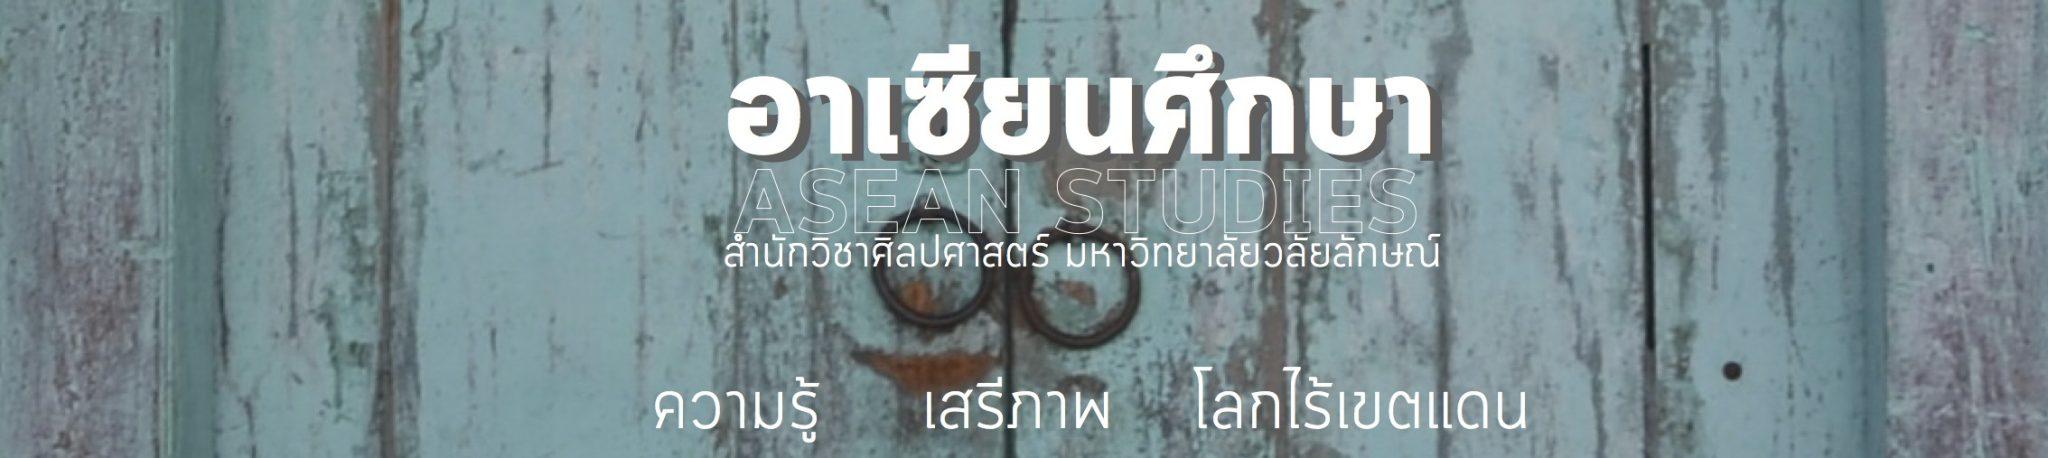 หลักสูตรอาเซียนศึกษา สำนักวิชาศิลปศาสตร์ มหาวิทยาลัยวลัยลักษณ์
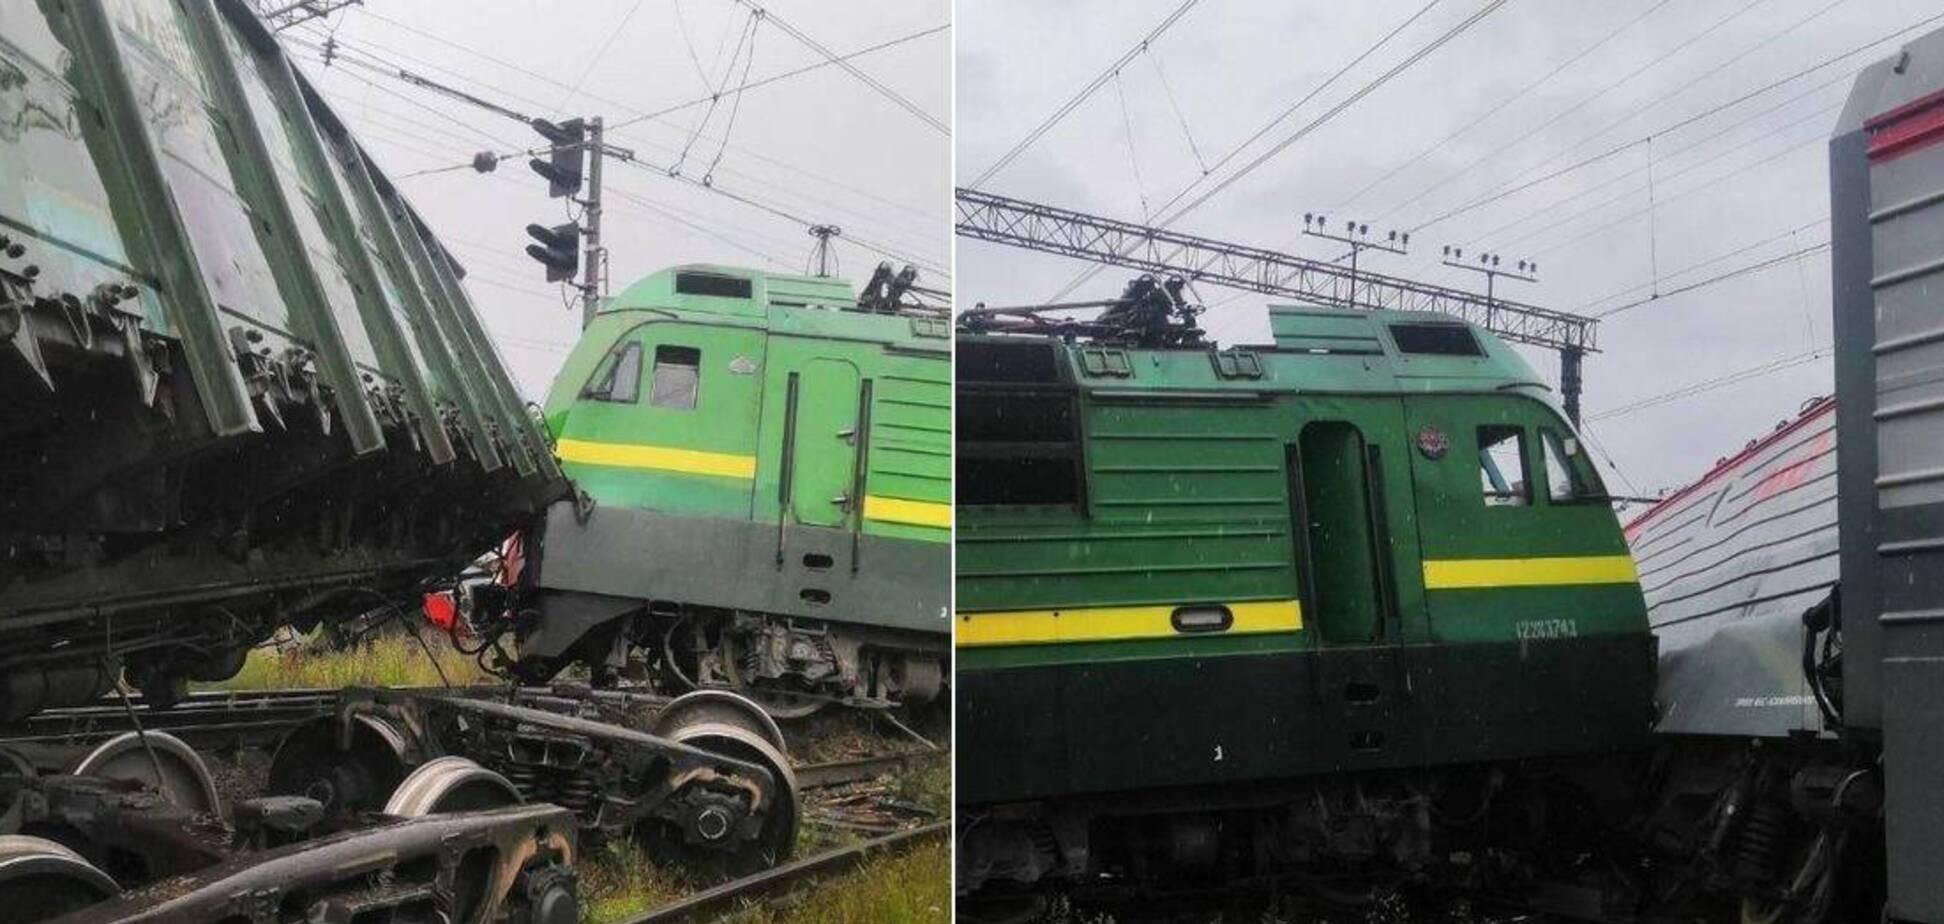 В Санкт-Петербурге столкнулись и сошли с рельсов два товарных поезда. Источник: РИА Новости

...

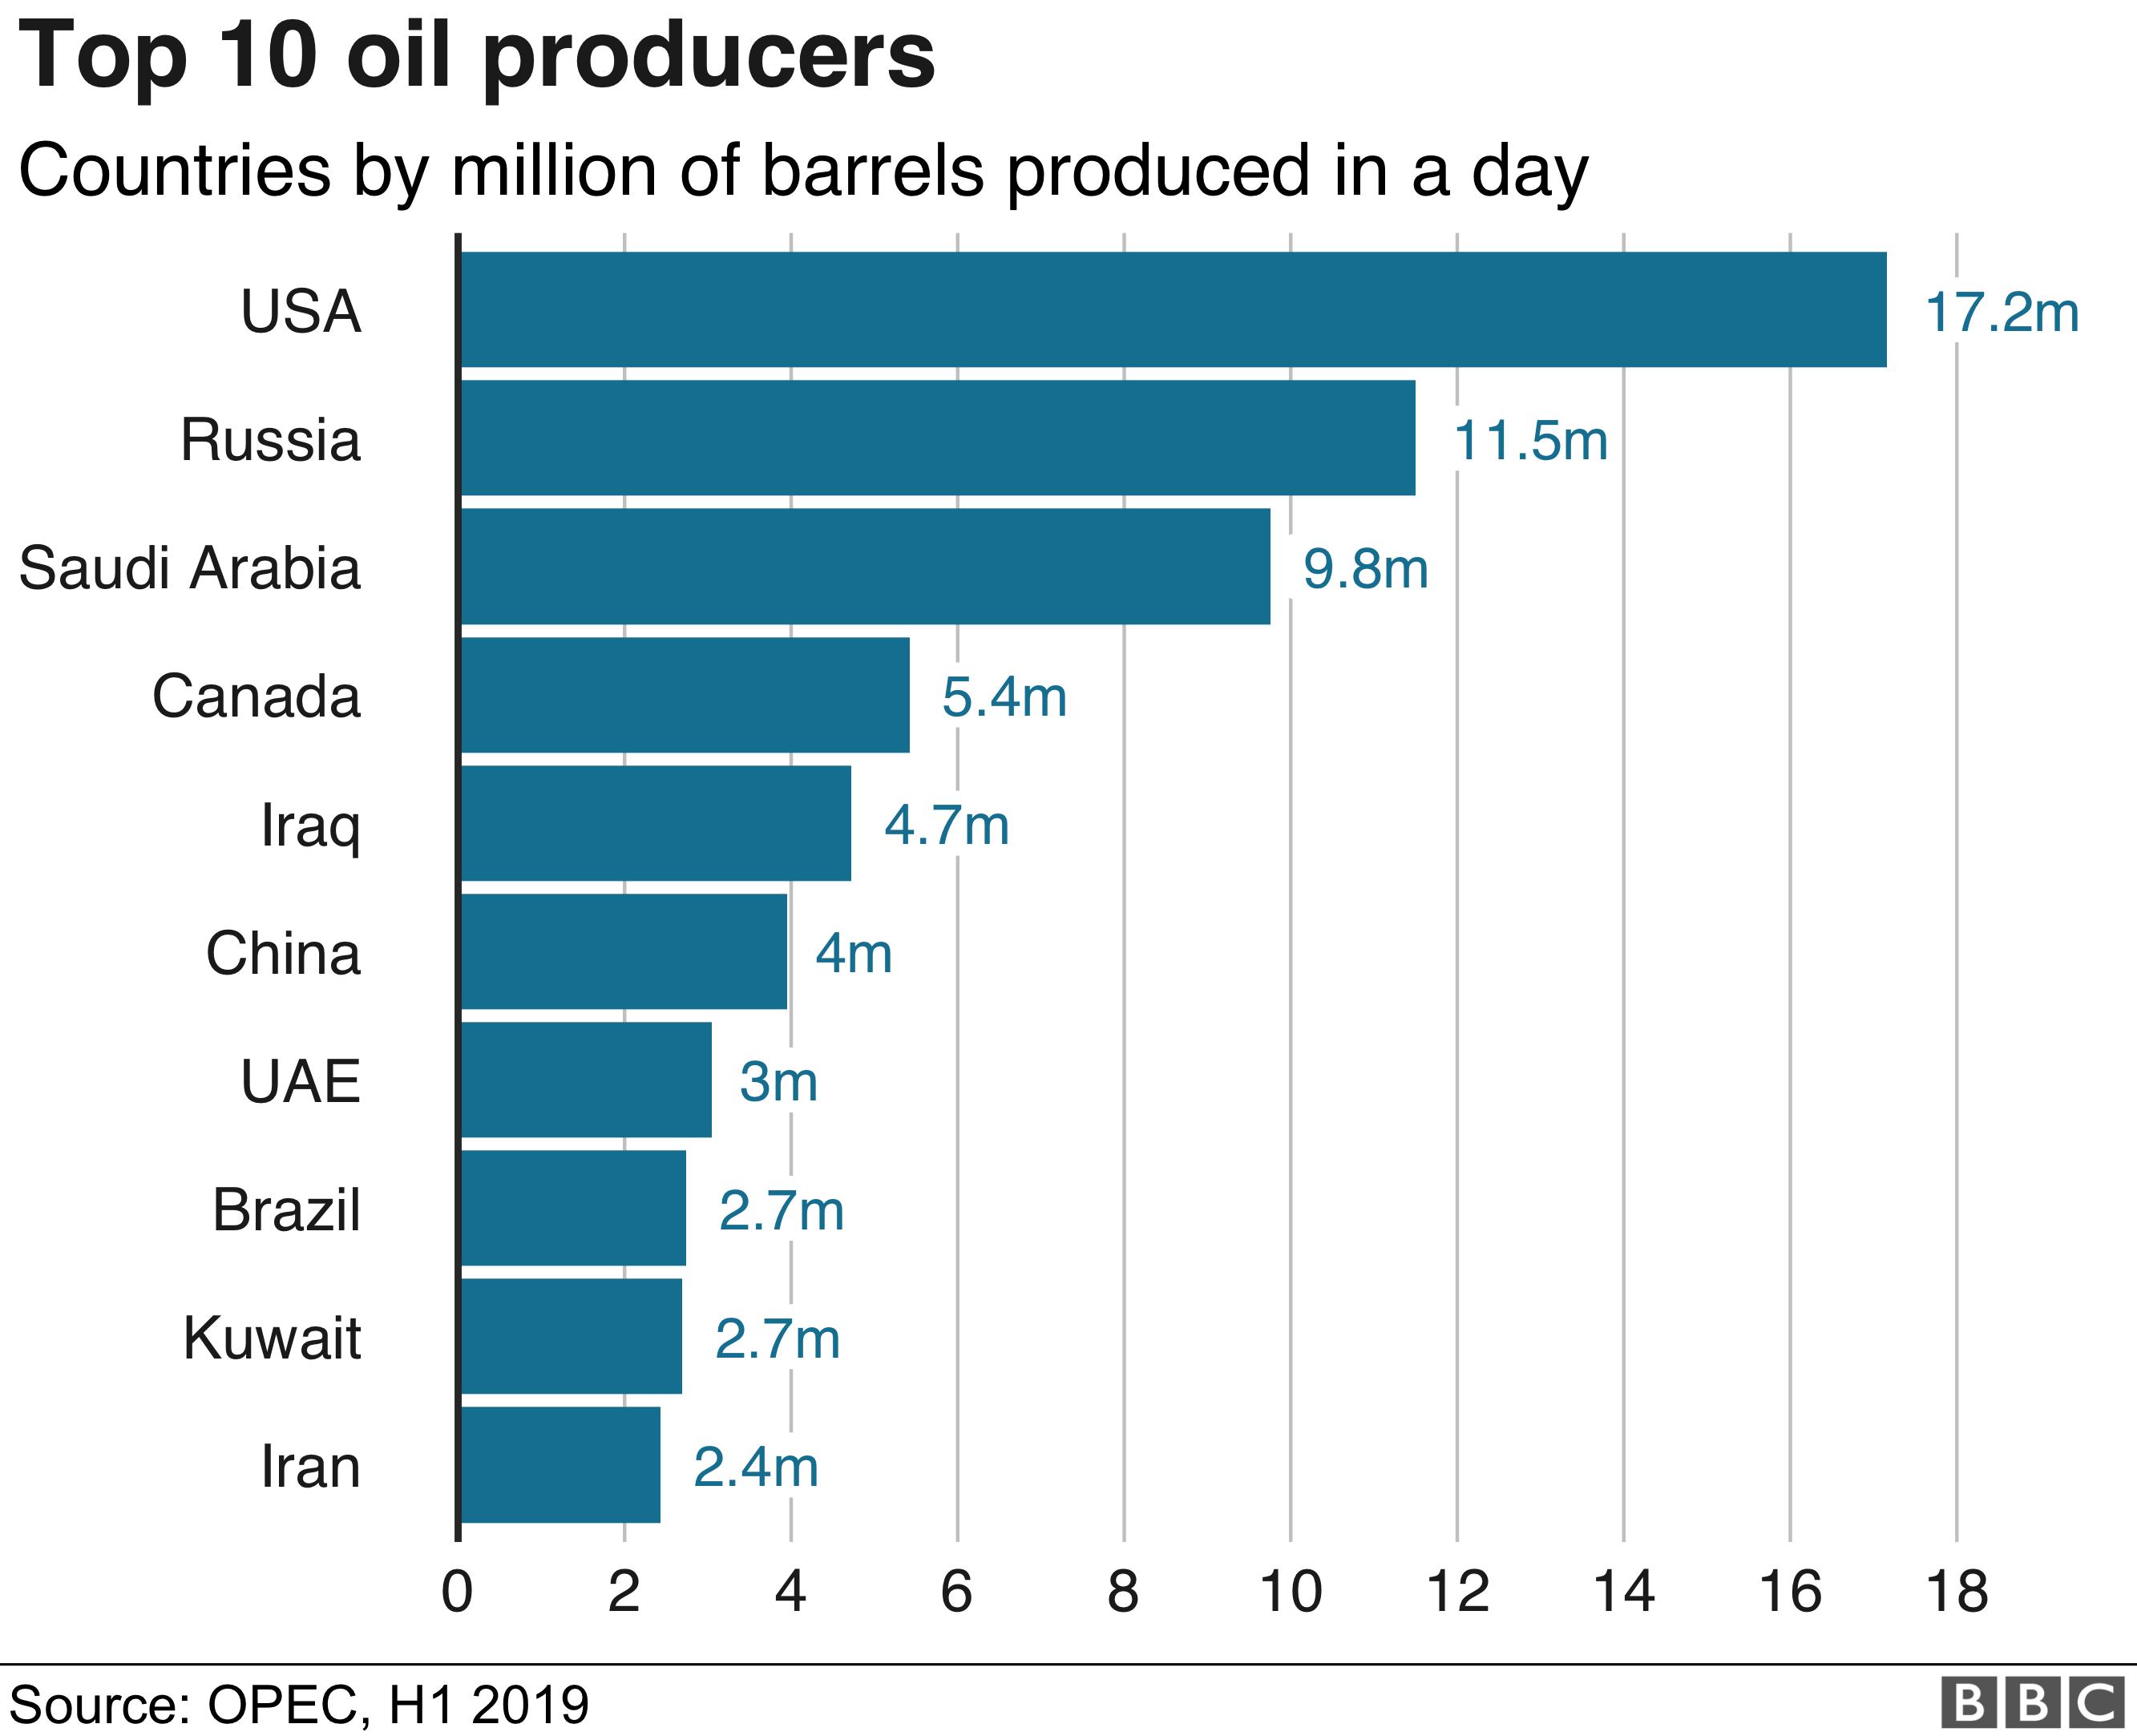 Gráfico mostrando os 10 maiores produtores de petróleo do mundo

--

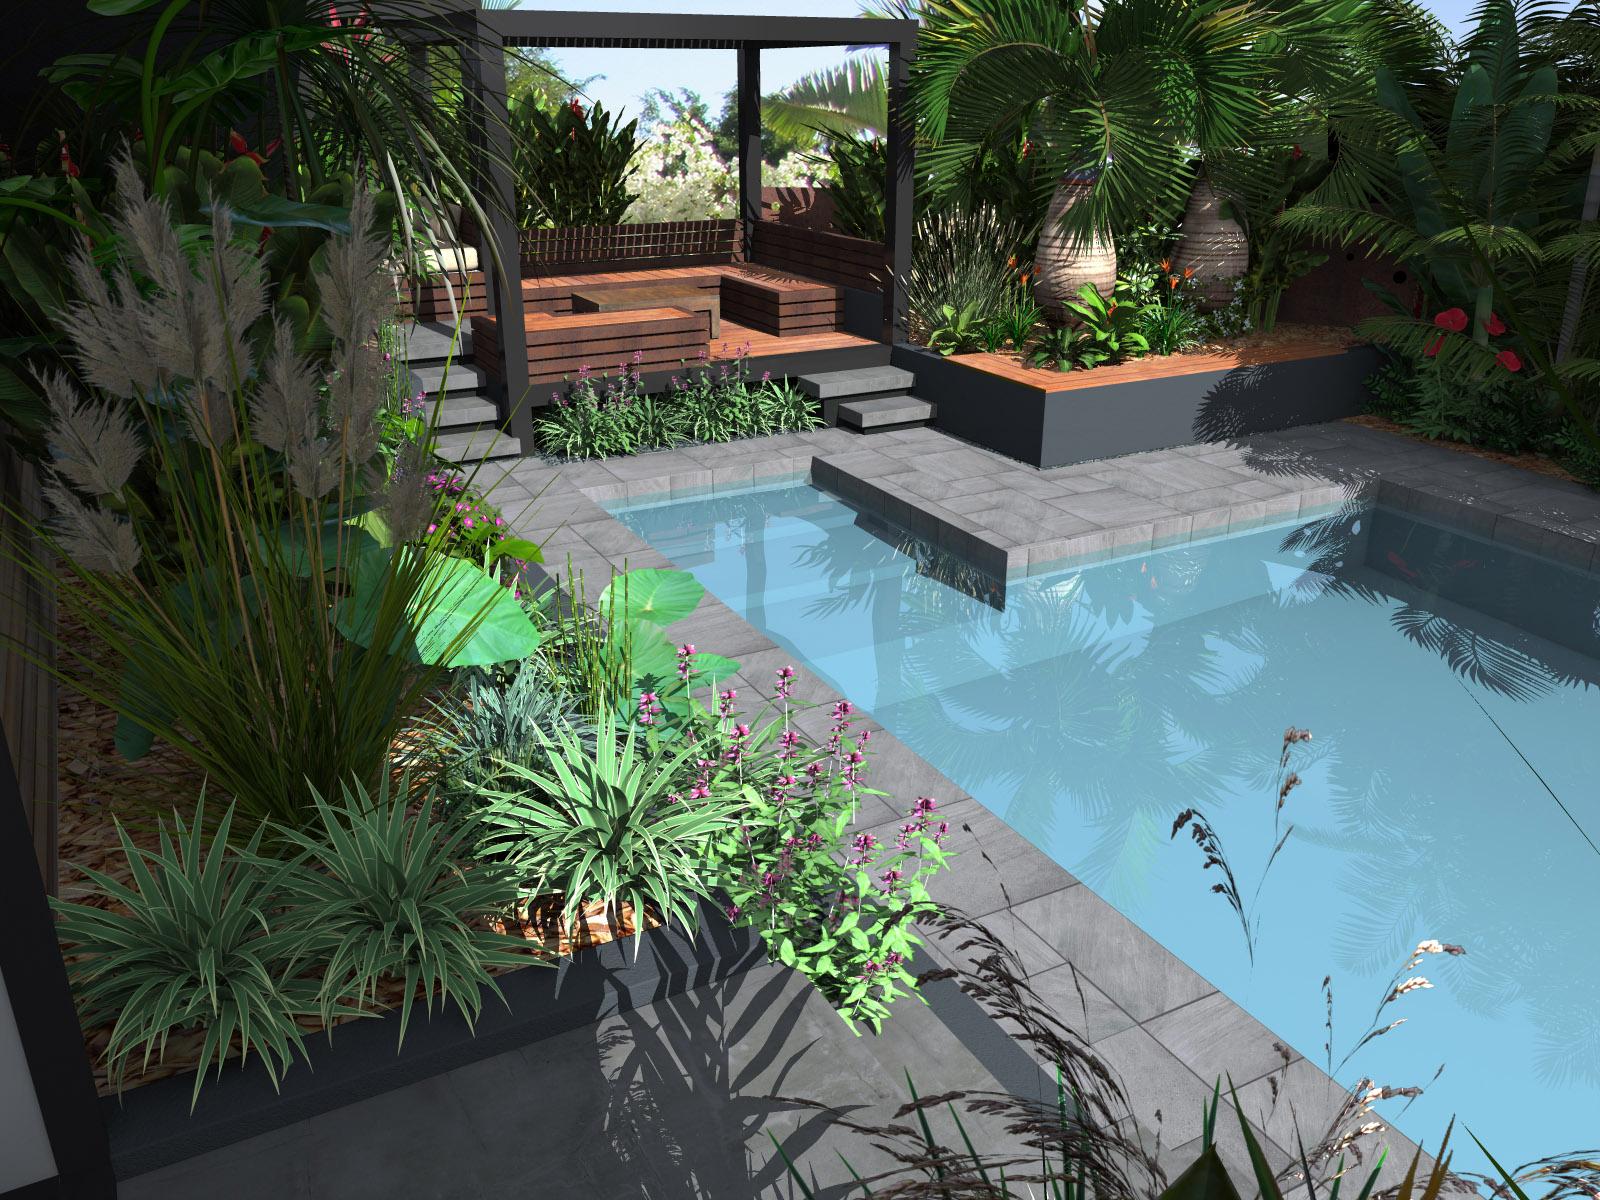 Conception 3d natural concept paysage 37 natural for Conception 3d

Problem details: Using the entries above, transcribe every line from the line containing "หลักสูตรอาเซียนศึกษา สำนักวิชาศิลปศาสตร์ มหาวิทยาลัยวลัยลักษณ์" through the line containing "В Санкт-Петербурге столкнулись". Do not copy pictures.

Response below:
 หลักสูตรอาเซียนศึกษา สำนักวิชาศิลปศาสตร์ มหาวิทยาลัยวลัยลักษณ์
 В Санкт-Петербурге столкнулись и сошли с рельсов два товарных поезда. Источник: РИА Новости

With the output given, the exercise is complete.